Эпизод из поэмы Михалкова близок по содержанию к этому стихотворению Маршака. Даже значимая подробность совпадает: мчатся пожарные автомобили, а неизвестный герой опережает их и появляется на месте первым; дядя Степа также управился раньше пожарных. Сходна и расстановка сил — толпа зевак на панели судачит и не оказывает никакой помощи.

Но действия героев различны. Герой Маршака преодолевает огромные трудности, напрягает все силы. Герой Михалкова свершает героический поступок одним мановением, одним движением руки. И все-таки, хотели того авторы или нет, в определенном смысле оба героя схожи. Неизвестный герой Маршака, которого “ищет столица”, — герой массовый, типичный. У Михалкова установка на недюжинность героя (он в районе личность заметная), однако недюжинность является продолжением все той же массовости, ведь герой этот — типичный молодой человек “в своем развитии” (если использовать известное выражение), после восемнадцати лет существования советской власти.

Кстати, надо отдельно сказать о детали, которой — в силу того, что многие реалии позабыты, — не уделяют внимания. Публика, наблюдающая за действиями пожарных и не вмешивающаяся, — это не просто зеваки, а публика особого рода. Многие десятилетия пожары были излюбленным зрелищем горожан, на звук пожарной трубы, по звону сигнального колокола или просто увидев вдалеке сильные всполохи они спешили к месту событий, некоторые приезжали с другого конца города, лишь бы посмотреть, как пожарные борются со стихией. Об эстетике и традициях такого рода зрелищ писал С. Румянцев в своем, увы, незавершенном сочинении[14]. Таким образом, те, кого автор именует зеваками, — это воплощение прошлого, символы ушедшего жизненного уклада, тогда как и неизвестный молодой человек в футболке и кепке, со значком ГТО, и дядя Степа — символы нового отношения к жизни, активного, неравнодушного.

Причем если у Маршака герой представлен в критическую минуту, по­сле чего он исчезает, не назвав даже имени, то в поэме Михалкова сама повторяемость, ритмичность героических поступков дяди Степы имеет значение. По структуре один эпизод поэмы не отличается от другого: несчастный случай — любопытные, ничего не предпринимающие обыватели — приходящий на помощь дядя Степа. Такие стандартные эпизоды с единственной переменной (старания тех, кто отвечает за порядок, — пожарных, милиции) составляют первую и вторую части поэмы.

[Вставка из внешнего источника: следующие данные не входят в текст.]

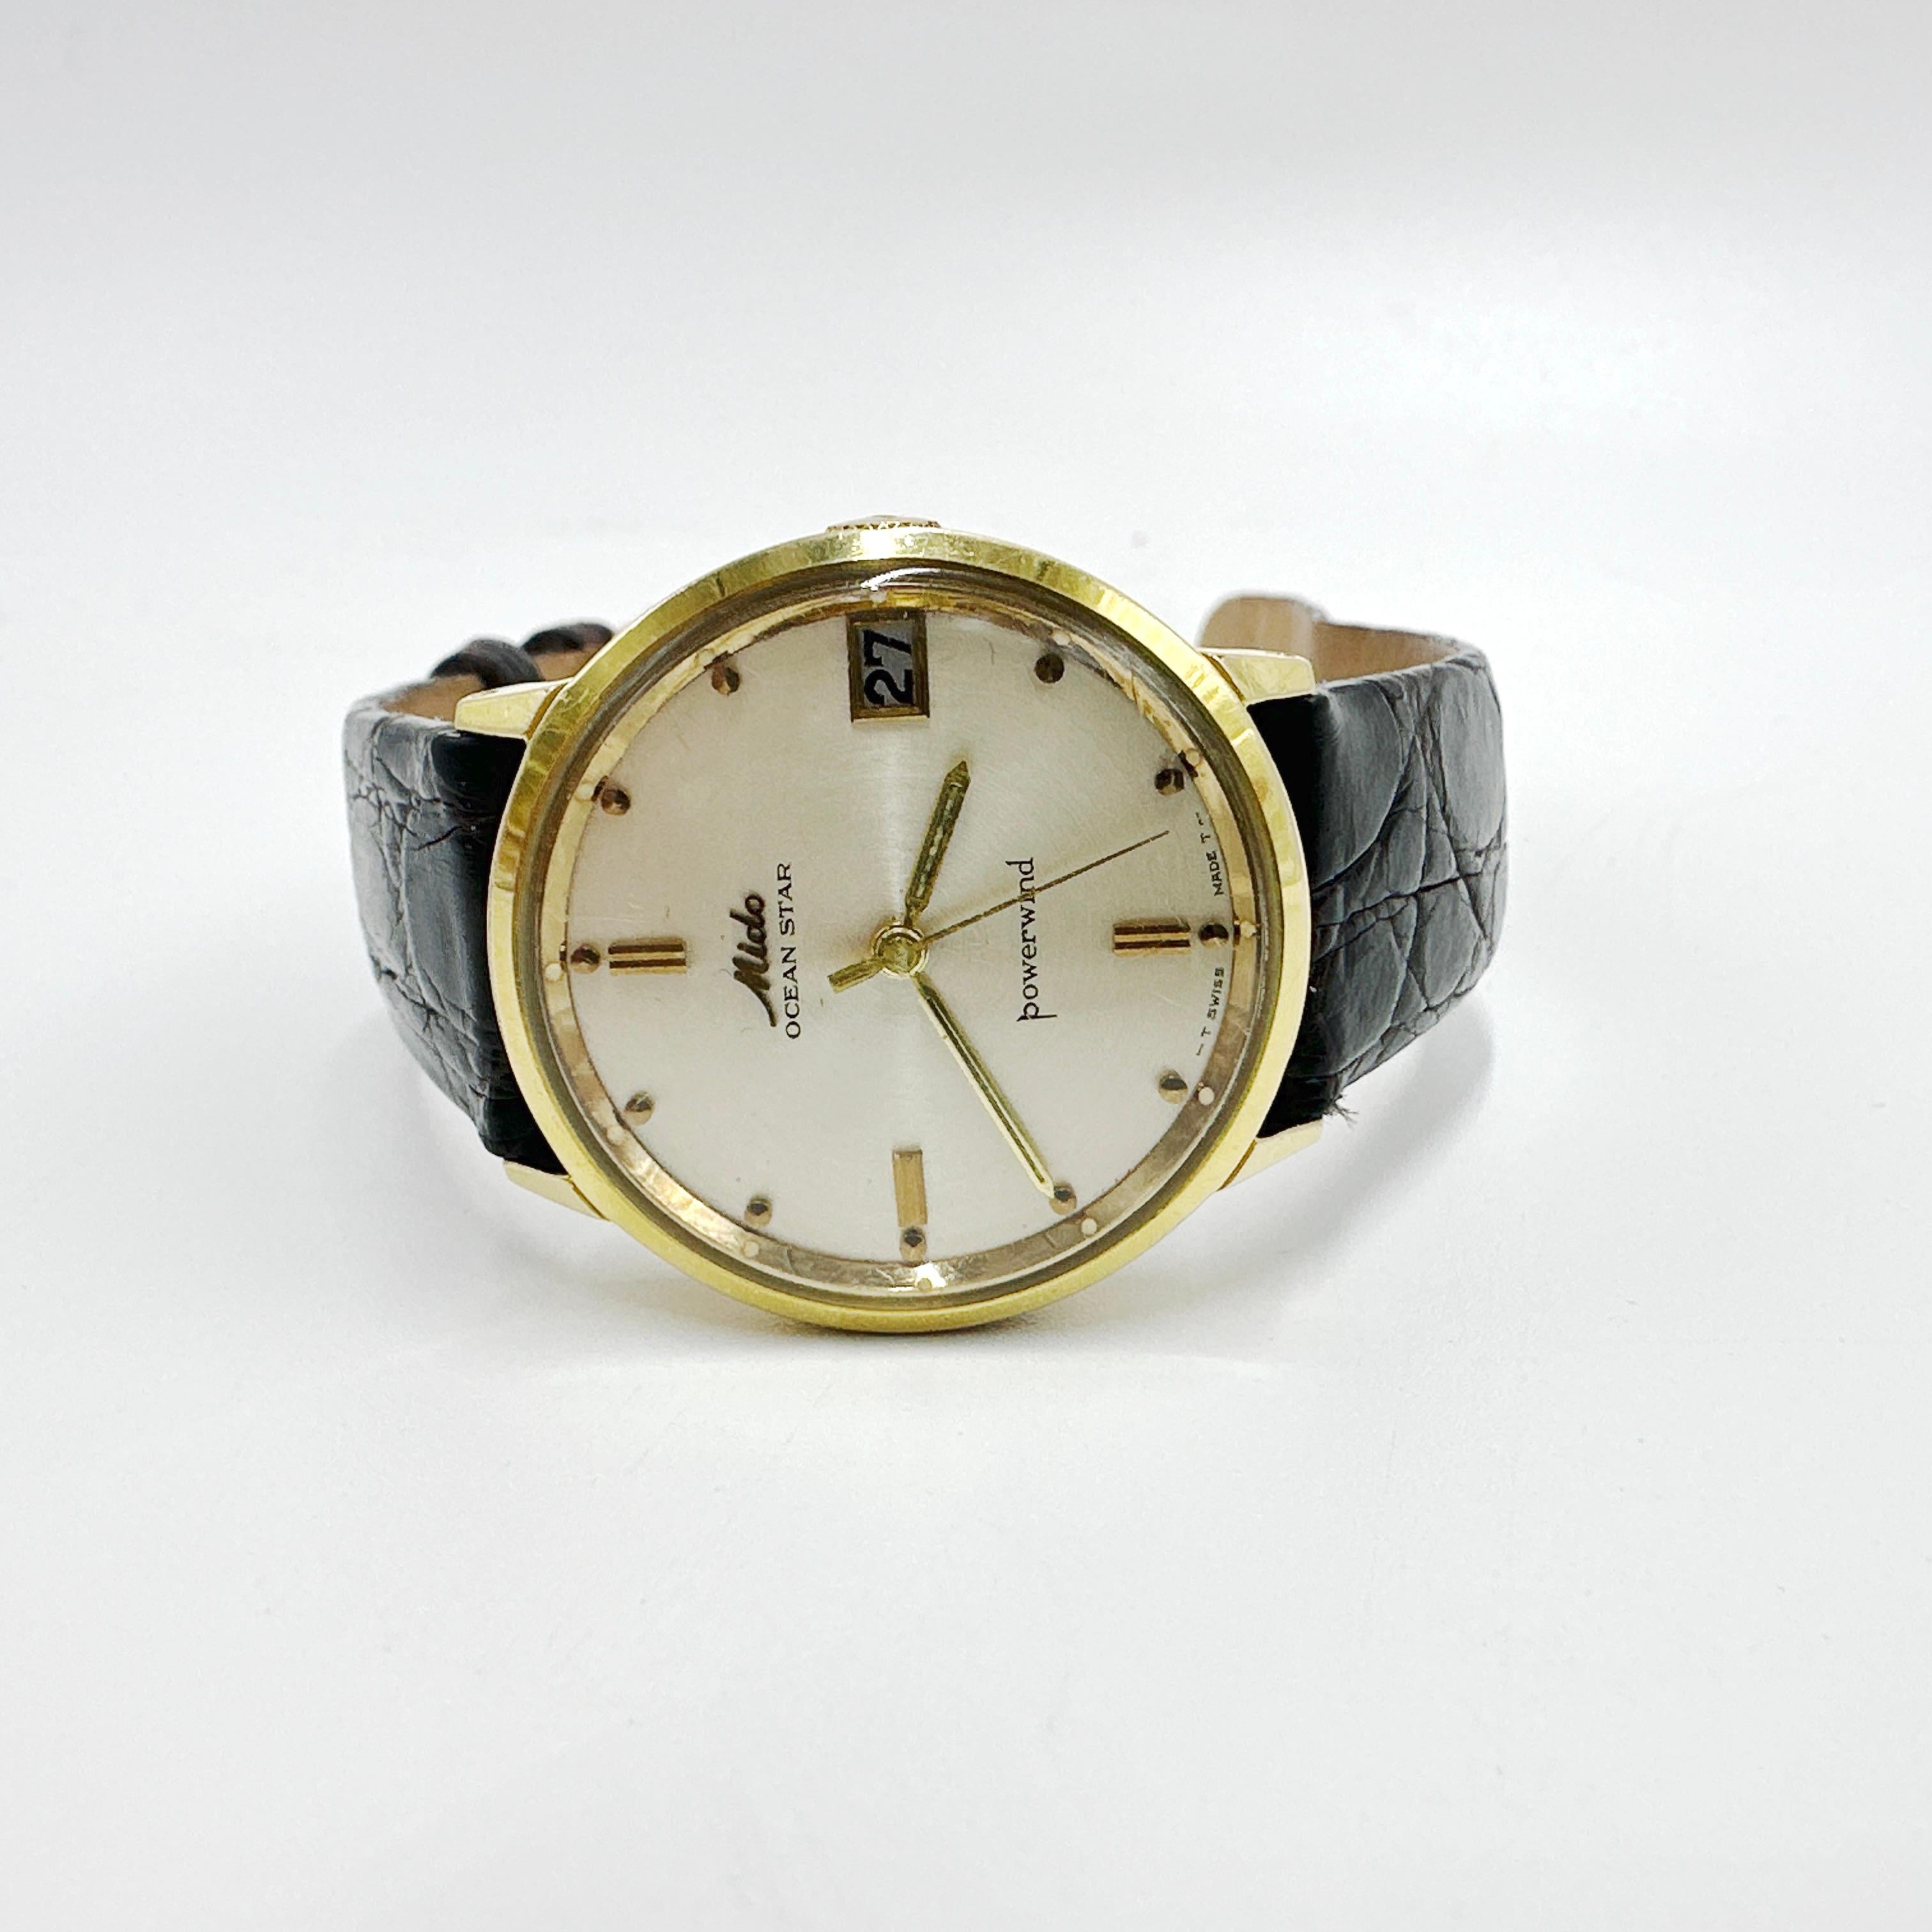 Voici une belle montre MIDO Ocean Star Powerwind 14k Gold Plated Vintage Swiss Automatic pour homme des années 1960. Cette montre suisse automatique est dotée d'une fonction date. Elle est en bon état général et garde l'heure. La sangle et la boucle

Пусть дядя Степа известный районный герой, но и он, как и другие, готовится “к труду и обороне” — прыгает с парашютной вышки в Парке культуры и отдыха, стреляет в тире (все это этапы подготовки к будущей войне, внедряемой государством тренировочной системы). Впрочем, благодаря физической одаренности он уже готов и к обороне, и к труду: автор, подчеркивая достоинства дяди Степы, как бы приподымает его над обстоятельствами, тот “перерастает” — из-за своего внушительного роста — рамки предложенной ситуации. Какой прок в прыжках, если “вышка с вышки прыгать хочет”. Какой прок в посещении тира:

В тир, под низенький навес,
Дядя Степа еле влез.

..............................

Оглядев с тревогой тир,
Говорит в ответ кассир:

“Вам придется на колени,
Дорогой товарищ, встать —
Вы же можете мишени
Без ружья рукой достать!”

Дядя Степа выделен из толпы, казалось бы, он рожден для доблестных дел, будто сказочный богатырь, заведомо предназначенный для великих по­двигов. Но механистичность поступков и непременный успех каждого его предприятия сводят всю героику на нет (советский — массовый — героизм есть проблема воспитания, а не сверхчеловеческого усилия, недаром пелось, что, “когда страна быть прикажет героем, у нас героем становится любой”). В конечном счете дядя Степа лишь исправляет неполадки, что мешают плавному и размеренному течению повседневной жизни, на устранение каковых обычно вызывают ремонтную бригаду. Даже во время войны он не совершает чего-либо выдающегося, о чем счел бы необходимым поведать автор. Дядя Степа — обыкновенный (пусть в чем-то и особенный) советский человек, который в силу своих физических данных первым оказывается в том месте, где надо нечто исправить, и делает потребное. Любой советский человек на его месте должен был бы сделать то же, иначе это было бы нарушением этических установлений, на которых зиждится общество.

Что ж, дядя Степа — часть социального механизма. Однако интересно, что в целом этого социального механизма он выполняет роль несложного механического приспособления.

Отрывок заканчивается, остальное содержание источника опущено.